Consider the third sum: $29 \sum_{r \in \{3, 5, 7, \dots\}} \frac{1}{r!}$. The terms are $\frac{1}{3!}, \frac{1}{5!}, \frac{1}{7!}, \dots$. This sum is $29 \left( \sum_{j=0}^\infty \frac{1}{(2j+1)!} - \frac{1}{1!} \right) = 29 \left( \frac{e - e^{-1}}{2} - 1 \right)$.

Step 6: Combine the Sums and Solve for S Now, substitute these back into the expression for $4S$: $4S = \left(\frac{e - e^{-1}}{2}\right) + 11 \left(\frac{e + e^{-1}}{2} - 1\right) + 29 \left(\frac{e - e^{-1}}{2} - 1\right)$ $4S = \frac{e - e^{-1}}{2} + \frac{11(e + e^{-1})}{2} - 11 + \frac{29(e - e^{-1})}{2} - 29$ $4S = \frac{e - e^{-1} + 11e + 11e^{-1} + 29e - 29e^{-1}}{2} - 40$ Combine the terms with $e$: $e + 11e + 29e = 41e$. Combine the terms with $e^{-1}$: $-e^{-1} + 11e^{-1} - 29e^{-1} = -19e^{-1}$. $4S = \frac{41e - 19e^{-1}}{2} - 40$ $S = \frac{1}{4} \left( \frac{41e - 19e^{-1}}{2} - 40 \right)$ $S = \frac{41e - 19e^{-1}}{8} - \frac{40}{4}$ $S = \frac{41}{8}e - \frac{19}{8}e^{-1} - 10$

Common Mistakes & Tips

• Incorrectly Handling the Range of $r$: Ensure that when substituting $n$ with $r$, the starting value and progression of $r$ (odd numbers $\ge 3$) are correctly used to define the summation limits or the terms included in the series.
• Algebraic Errors in Numerator Simplification: Be meticulous when expanding and combining terms after substituting $n = \frac{r-1}{2}$. A small mistake here can lead to a completely different result.
• Forgetting the $-1$ terms: When using the sums for even and odd factorials, remember that $\sum_{k=0}^\infty \frac{1}{(2k)!} = \frac{e+e^{-1}}{2}$ includes the $\frac{1}{0!}=1$ term, and $\sum_{k=0}^\infty \frac{1}{(2k+1)!} = \frac{e-e^{-1}}{2}$ includes the $\frac{1}{1!}=1$ term.
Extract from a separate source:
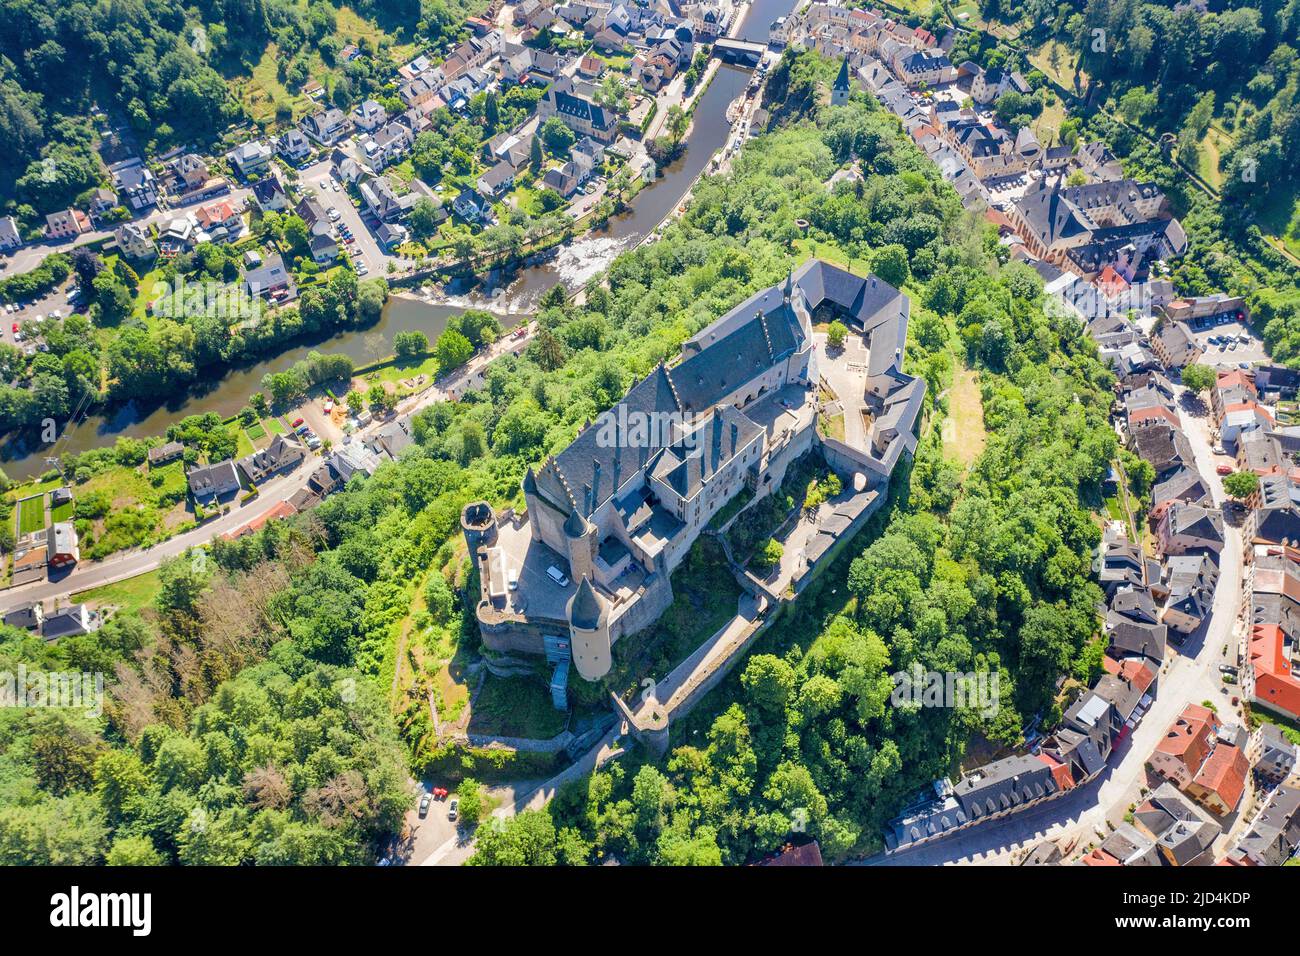 Aerial view of Vianden castle, canton of Vianden, Grand Duchy of Luxembourg, Europe Stock Photo

Adjustments are needed if the series starts from a different index.

Summary

The problem involves summing an infinite series with a polynomial numerator and a factorial in the denominator. The strategy is to transform the general term by substituting the denominator's structure ($2n+1$) with a new variable ($r$) to obtain a simpler factorial expression. The polynomial numerator is then decomposed into falling factorials, allowing the general term to be split into parts that match known Maclaurin series expansions for $e^x$ and $e^{-x}$. By carefully summing these parts and performing algebraic manipulations, the final sum of the series is obtained.

The final answer is $\boxed{{\frac{41}{8}e + \frac{19}{8}{e^{ - 1}} - 10}}$.